Feels like I’m going to lose my mind.   
You just keep on pushing my love over the borderline. . .
                                                          ~ Madonna - Borderline

A few days ago I discussed the difficulties with establishing boundaries and setting limits with persons in our lives who have personality disorders or personality disorder traits.  Fear, exhaustion, confusion, panic, apathy, and Guilt with a capital 'G' are intimate companions in the lives of  many people who resign themselves to existing in a sort of half-life as they enable and perpetuate the very behaviors that are sucking the life from them and the ones they love.


Complicating relationships and interactions involving a person who has personality disorder traits is the fact that personality disorders seem to like to congregate in herds. . .or in professional jargon, the APA states in the DSM-IV-TR, "Individuals frequently present with co-occurring Personality Disorders from different clusters."  That means there are typically more than one or two unpleasant behaviors grazing nearby, and our happy tranquil picnic is oftentimes interrupted by charging, stomping and snorting.  And what do we do?  Do we jump up madly waving our arms and charge, stomp, and snort our way into the melee?  Do we snatch up our watermelon, juggle our lemonade, and try not to trip over the blanket as we run lickety-split in the other direction?  Or do we sit still and quietly while hoping our warmth and compassion will be enough to slow the charge before we are errantly gored by a horn or crushed by a hoof?
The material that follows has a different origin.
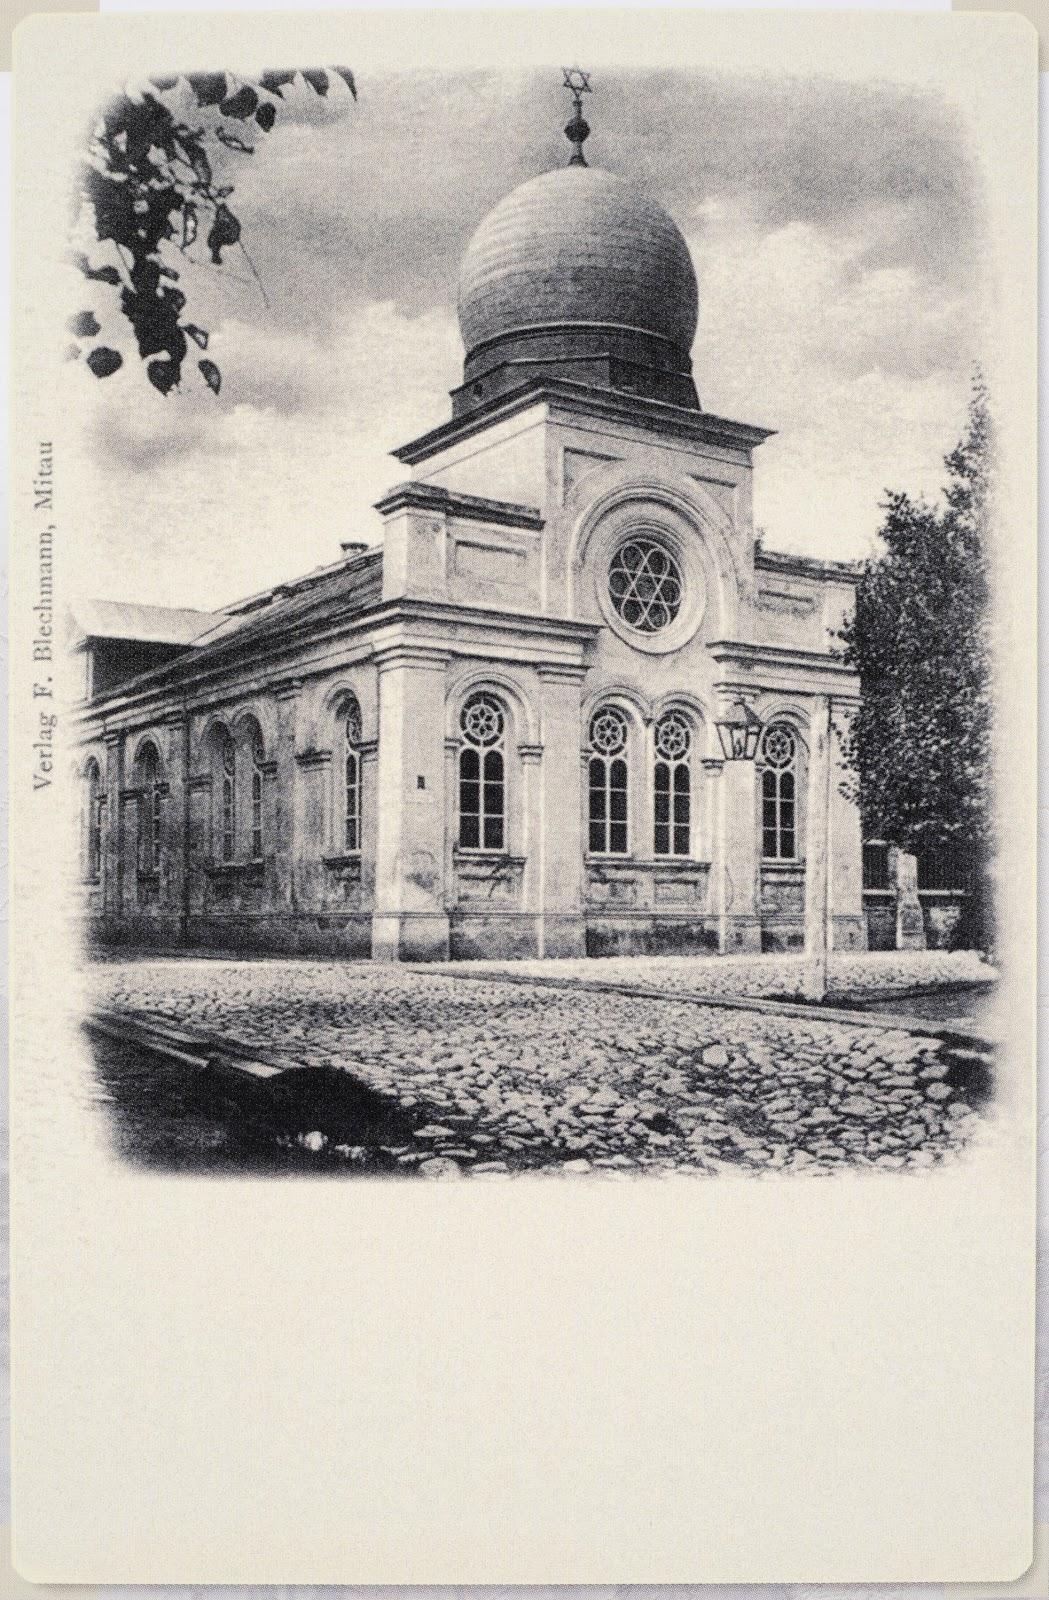 http://3.bp.blogspot.com/-mCBMUAcK9aI/T0cAqGkC5eI/AAAAAAAAWKA/KSQX-FlWwDI/s1600/Jelgava_(Mitava)_Latvia_Great_Synagogue_postcard_late_19th_cent_frm_V_Likhodedov_Synagogues_p210%2B(2).JPG

Randi Kreger, owner of BPDcentral.com and author of the well-known books "Stop Walking on Eggshells:  Taking Your Life Back When Someone You Care About Has Borderline Personality Disorder" and "The Essential Family Guide to Borderline Personality Disorder: New Tips and Tools to Stop Walking on Eggshells" has a blog on PsychologyToday.com.  After reading a recent blog on About.com by clinical psychologist Kristalyn Salters-Pedneault, PhD, in which Kristalyn voiced her thoughts and feelings after receiving what she described as "incredibly hateful" reader comments and email toward people with Borderline Personality Disorder.  Kristalyn  stated that she was "shocked by the level of vitriol," that "People with BPD deserve your compassion." and "Be grateful that you don't have to live with BPD.  And do something to help, rather than spewing out hate.  It's not helping you or anyone else." http://bpd.about.com/b/2010/12/23/have-compassion.htm


Randi dedicated a blog of her own to thoughtfully discussing the nuances involved in validating not only persons with Borderline Personality Disorder but also the persons who are partners and family members http://tinyurl.com/49y2c7t.  She asserts that these people are compassionate persons who hang in and hang on "Despite their BPD FM's (Borderline Personality Disorder Family Member') unexpected and unexplained anger; their impulsive, possibly reckless behavior; despite their inconsistent abandonment engulfment pattern; despite the fact the FM's (Family Members) often don't get their own needs met." Randi discussed healthy and unhealthy anger and grief.  All in all, a relevant and well  thought out discussion.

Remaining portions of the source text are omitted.